The way I see our Apprenticship laid out compared to a line school, the line school teaches all the math and a broad section of the indusrty. They teach you to climb somewhat. They also teach skills a person could use beyond line work. When you come here we teach you the way we do line work.
Most of our new apps can't hang a service in 20 min at first but they can tell you how a substation works. . .They can't tell you what connectors are for which wire or the grip sizes. . .
well let me tell you brother we aint sending you out to build substations and power plants, we need you to grunt and grunt good and do some service work, work your way up the ladder.
Don't get me wrong line school people have a lot of talent and in most cases can climb a wee bit but they do not know how to do the work the line crews do.

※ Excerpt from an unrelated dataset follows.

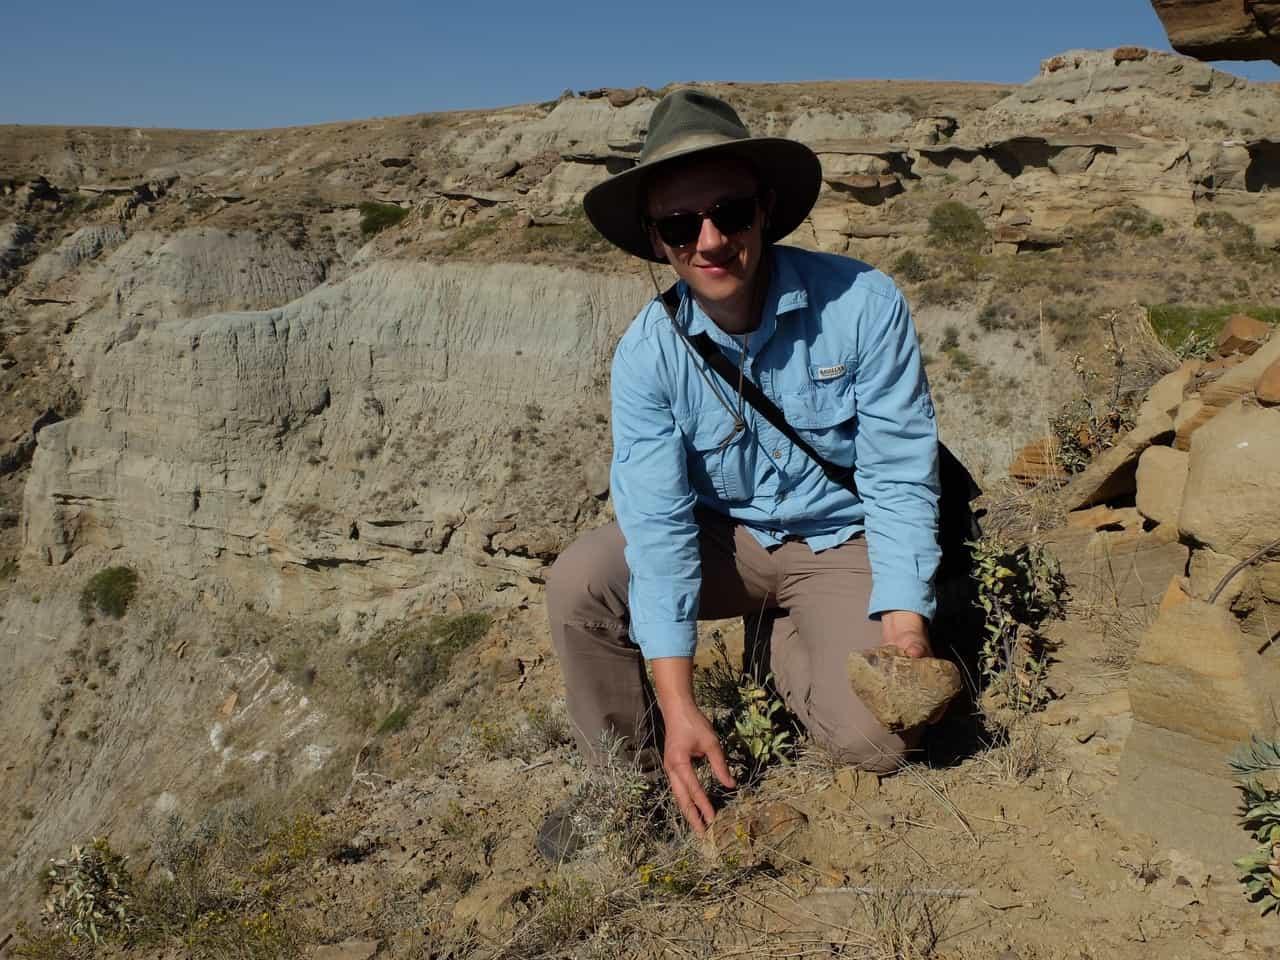 Foto van de maand: paleontoloog gespot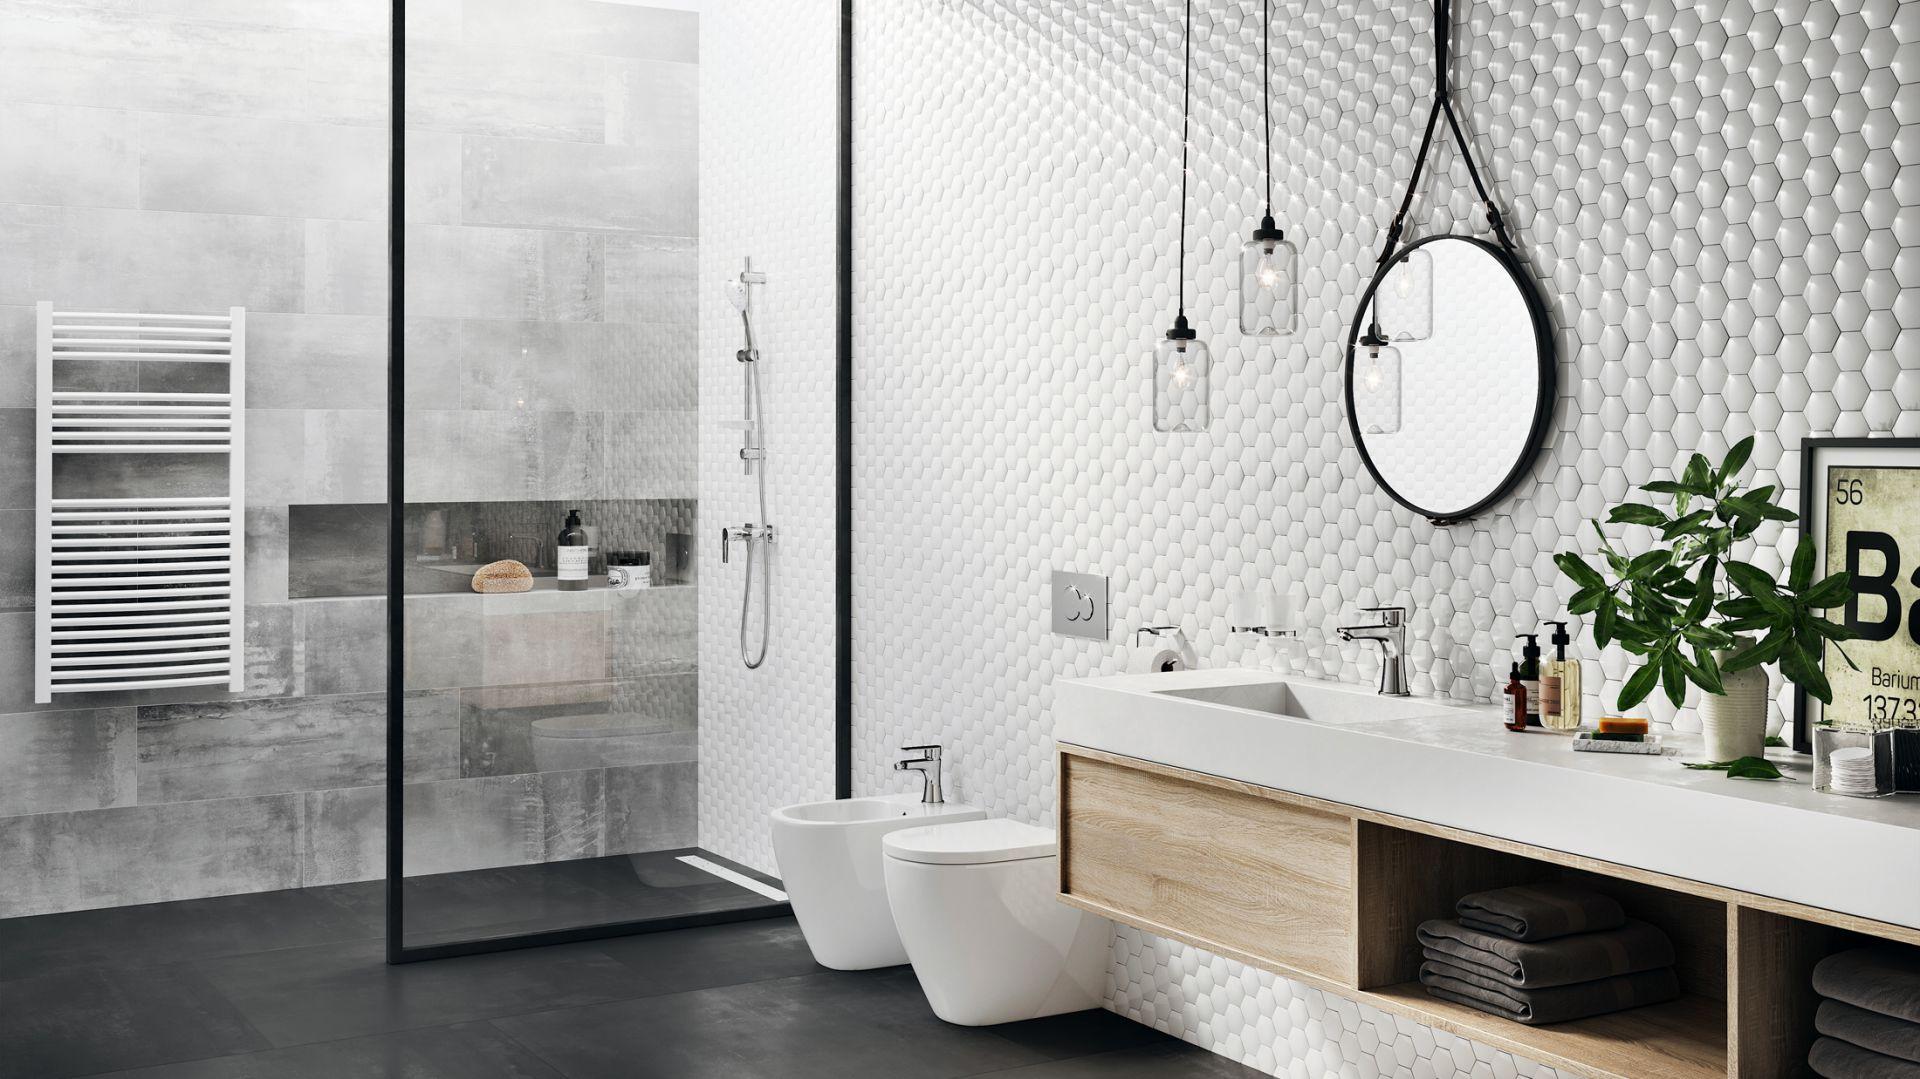 Łazienka w stylu skandynawskim: bateria umywalkowa Algeo Square. Fot. Ferro

Example: my partner just told me he saw some apps hanging arms at their school as a demo for the interested Utilities. . . these guys were putting the bolt with a half round washer thru the back of pole moving their belt up to hold the bolt then trying to slide the xarm on to the bolt. Maybe some of you do it that way. . .we don't, we put the bolt thru the xarm and heft the arm and bolt into the hole in one motion no monkeying around.
So while I think a utility likes the fact you spent time learning something and they prefer hiring someone with "Training" it's the gumption part were looking for. .when the rubber hits the road the apprentiship and schooling we do takes that material and makes linemen out of em. . .
Hey if I'm wrong let me know. . .I'm flexible.